We need to purchase new seats for my 4 yr old so his sister can move out of her bucket and into his current seats. We were all set to get Radians, knowing it would cover him now through booster. However, someone I know told me that she has friends who do work as car seat inspectors and they have said that the Radian is actually not a great booster because the seatbelt positioning is not the greatest. Which has me wondering if we should be thinking about either:

1) getting another kind of all-in-one seat

2) getting a radian (or other FF seat) and then purchasing boosters when he gets to that point.

Whatever we get, we'd prefer it to have a slender profile.

Thoughts?


----------



## chickabiddy (Jan 30, 2004)

It's true that the Radians do not make excellent boosters, and kids will outgrow them by height before they can safely ride without boosters.

I would generally not recommend a convertible seat for a child who is already forward-facing. It's a waste of money to pay for rear-facing capability and never use it. I would recommend a combination harness-to-booster seat. The Evenflo SecureKid is relatively narrow and makes a decent booster. All you'll need after that is a backless booster, and those are under $20.


----------



## DahliaRW (Apr 16, 2005)

The other question would be when do your ds's convertible seats expire?


----------



## brigala (Apr 26, 2010)

None of the forward-facing combo seats (the ones that convert to decent boosters) are anywhere near as slender as the Radian.
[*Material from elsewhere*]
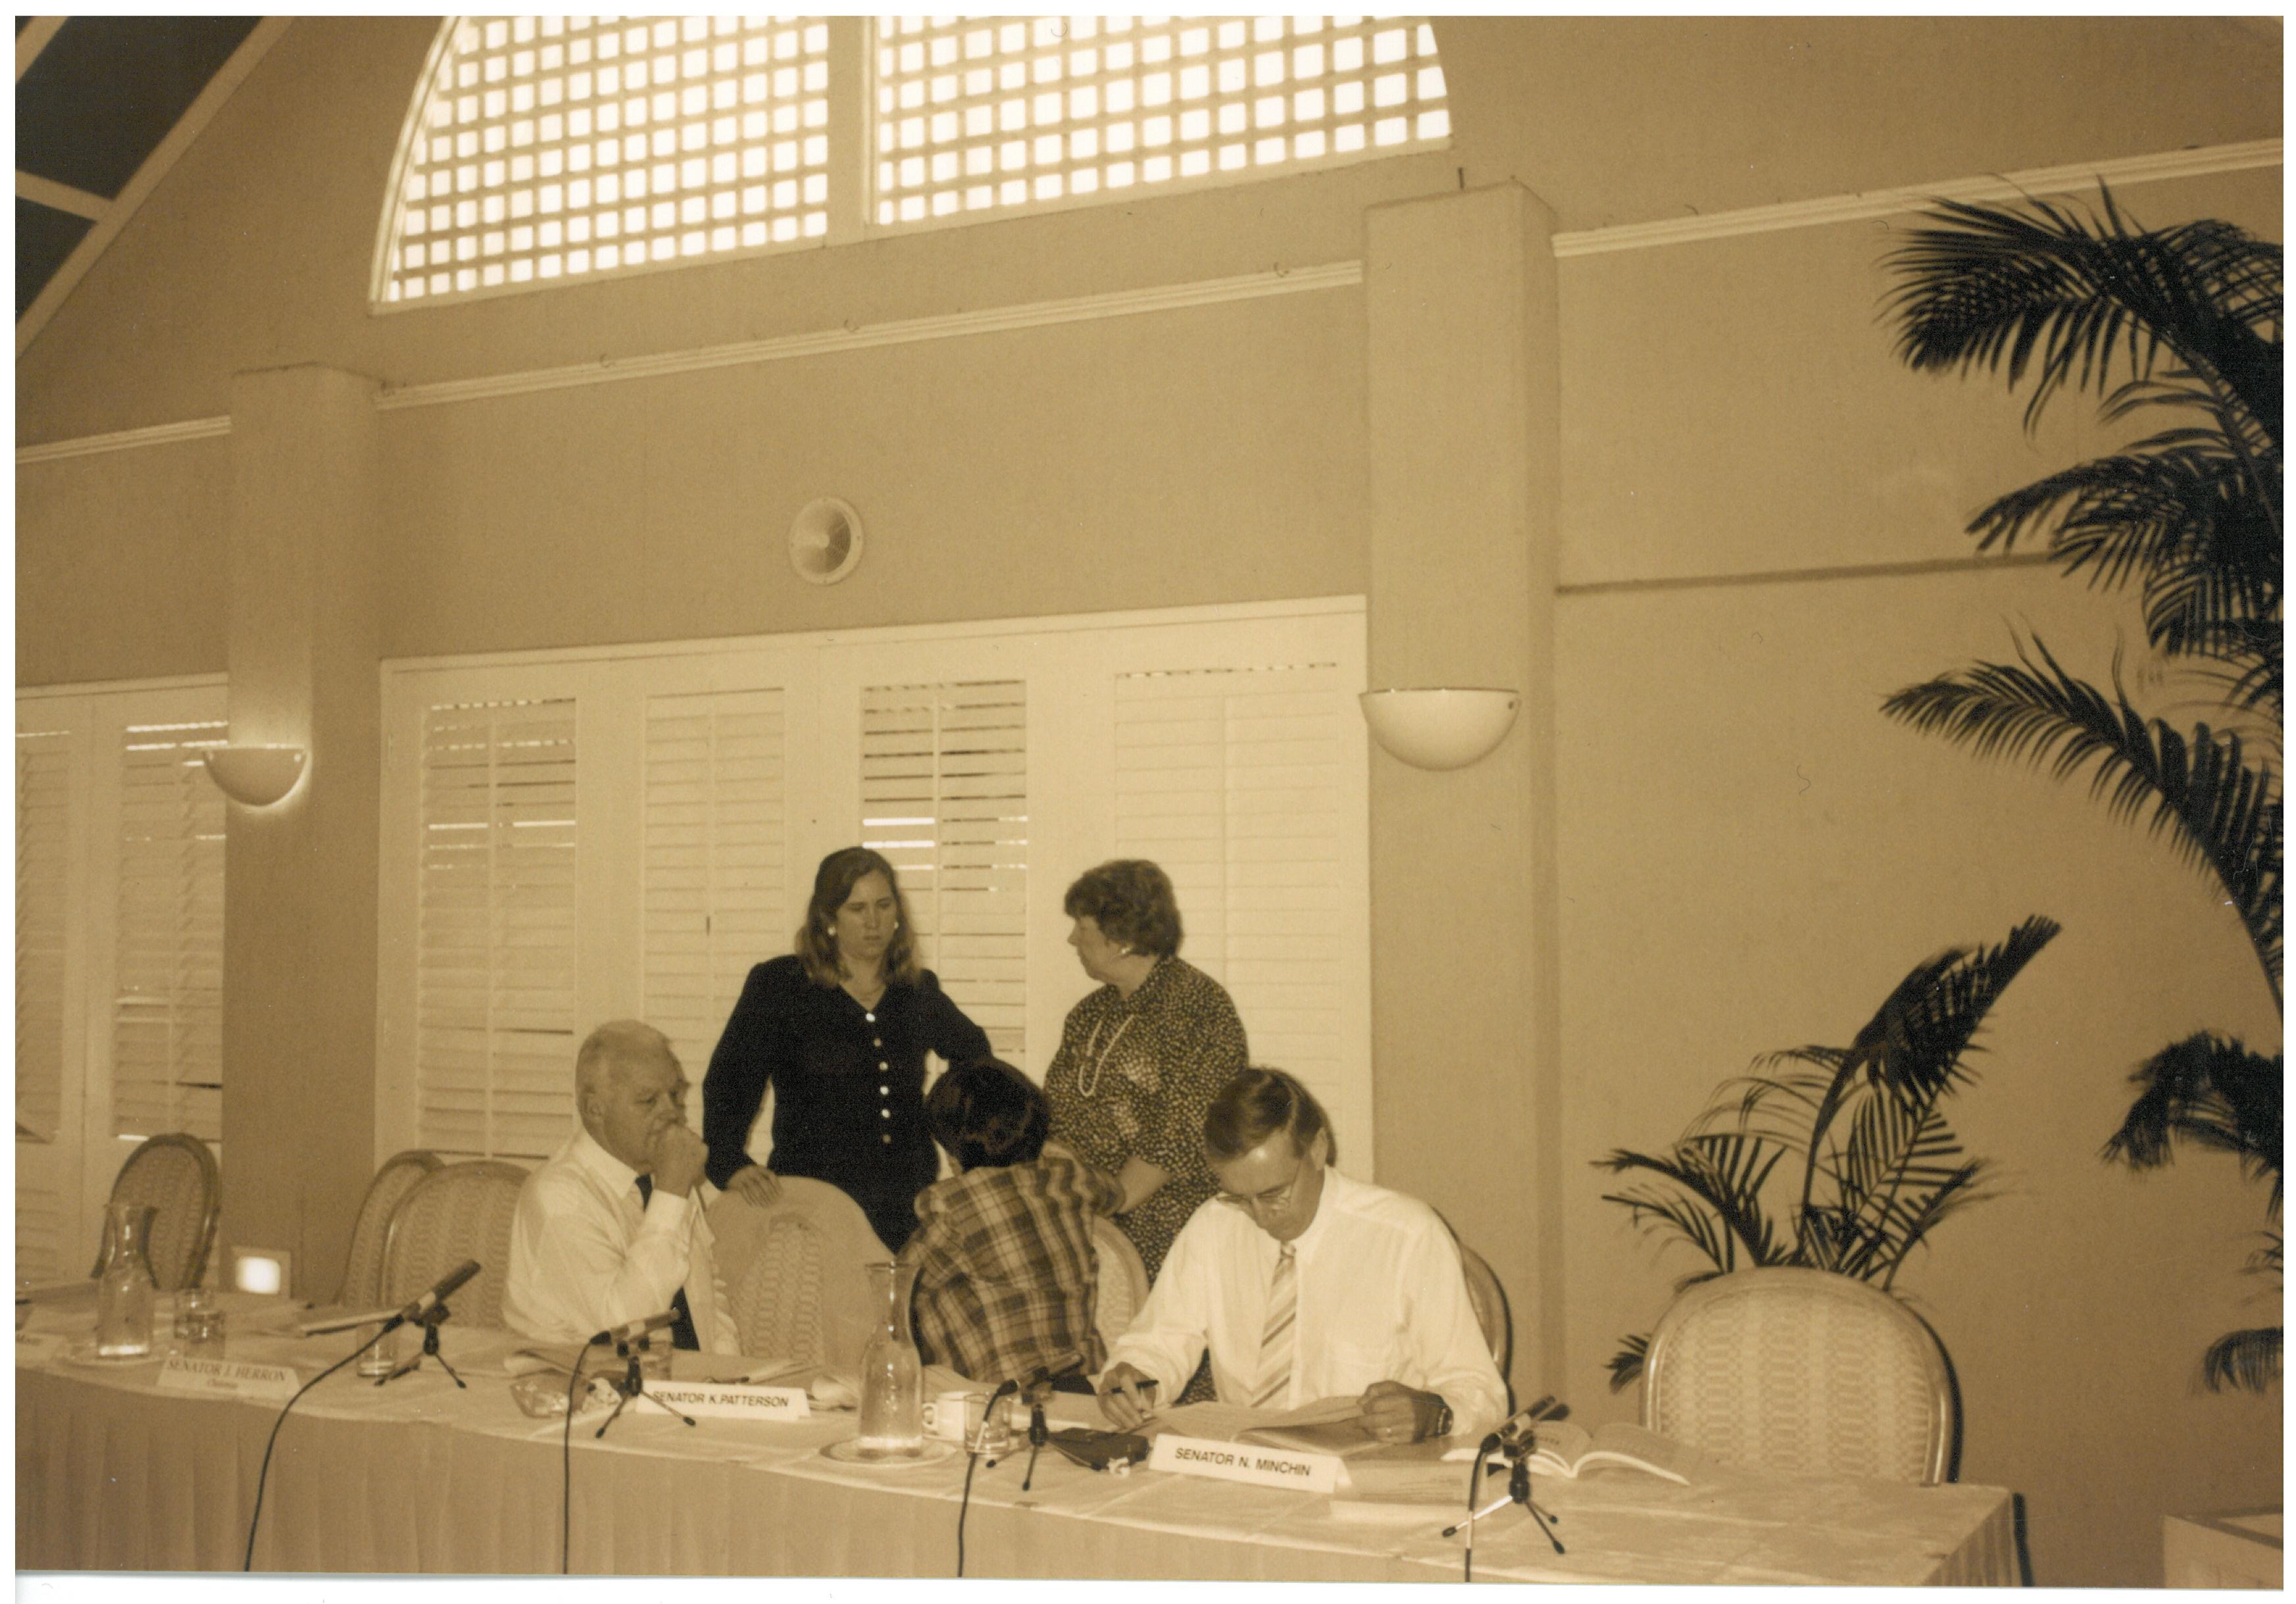 Community Affairs References Committee during a public hearing of its inquiry into tobacco and the costs of tobacco-related illnesses at Cairns, 22 February 1995. Standing L-R: Senators Belinda Neal and Kay Denman. Seated L-R: Senators John Herron [Chair], Kay Patterson and Nick Minchin.

A lot of them do tend to be lower-profile than your average convertible, though.

If a really narrow car seat is a high priority, then a Radian (or a Foonf) is your best bet.

If you have room for a 19" wide car seat, then a forward facing combination seat is a better option for long-term economy. The longest-lasting one on the market (both as a harnessed seat and as a booster) is the Britax Frontier 85. Other options include the Evenflo Secure Kid 300/400 or the Graco Nautilus/Argos. They're all within half an inch or so of each other in terms of width, though different ones may fit differently in your vehicle or against your other car seats.


----------